Now let’s apply that same heart rate analysis to Hereditary. According to Mashable, the Heart Rate Challenge originally involved 20 individuals, but only data on five people — all of whom were pushing over 125 BPM barely 20 minutes into the film — made it to the chart. Analysis is tricky without knowing the ages of these participants, but assuming a 20-year-old viewer, the 164 BPM maximum that viewers experienced just before the end of the film would amount to 83 percent of the maximum heart rate. That’s “vigorous” exercise, according to the AHA’s guidelines. For a 35-year-old, 164 BPM would be 90 percent of the maximum heart rate. On the Garmin fitness tracker blog, this is described as “harder intensity” effort: “You can reply in only single word responses.”

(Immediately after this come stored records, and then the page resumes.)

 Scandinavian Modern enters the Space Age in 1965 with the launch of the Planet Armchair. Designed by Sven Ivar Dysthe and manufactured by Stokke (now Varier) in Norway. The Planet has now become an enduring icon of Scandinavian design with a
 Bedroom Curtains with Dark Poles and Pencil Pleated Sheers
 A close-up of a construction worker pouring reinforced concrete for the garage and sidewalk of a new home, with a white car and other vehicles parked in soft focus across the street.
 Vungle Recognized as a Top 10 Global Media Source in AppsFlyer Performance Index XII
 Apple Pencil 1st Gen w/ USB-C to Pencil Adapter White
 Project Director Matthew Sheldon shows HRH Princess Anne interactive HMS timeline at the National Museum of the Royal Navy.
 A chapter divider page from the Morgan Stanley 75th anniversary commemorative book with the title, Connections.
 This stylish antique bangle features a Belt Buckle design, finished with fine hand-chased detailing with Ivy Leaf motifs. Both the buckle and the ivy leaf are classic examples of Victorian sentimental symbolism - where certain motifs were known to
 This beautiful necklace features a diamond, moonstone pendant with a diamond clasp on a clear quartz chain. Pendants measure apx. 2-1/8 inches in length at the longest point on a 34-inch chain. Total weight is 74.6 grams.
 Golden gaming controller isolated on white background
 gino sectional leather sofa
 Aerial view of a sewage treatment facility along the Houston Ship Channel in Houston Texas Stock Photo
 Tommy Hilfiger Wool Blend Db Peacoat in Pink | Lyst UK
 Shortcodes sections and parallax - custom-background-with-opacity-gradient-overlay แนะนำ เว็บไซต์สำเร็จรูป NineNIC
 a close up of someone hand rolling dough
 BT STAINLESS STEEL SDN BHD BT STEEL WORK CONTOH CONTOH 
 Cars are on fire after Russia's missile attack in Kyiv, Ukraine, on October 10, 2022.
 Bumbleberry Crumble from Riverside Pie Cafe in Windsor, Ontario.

Maximum heart rate calculations from the American Heart Association 

American Heart Association 

Depending on your age, if your heart rate watching Nightmare on Elm Street is akin to a walk in the park, watching Hereditary would be like running a moderately paced 5k.

Unfortunately, it doesn’t seem as though putting the stress on your heart would be worth it. Even if Hereditary does stimulate your sympathetic nervous system to 5k levels, Valcke says you wouldn’t be reap any training benefits.

“You don’t derive the same physical benefits. [In exercise], you’re engaging all kinds of muscles,” he says. “That doesn’t happen sitting watching a movie for two hours.”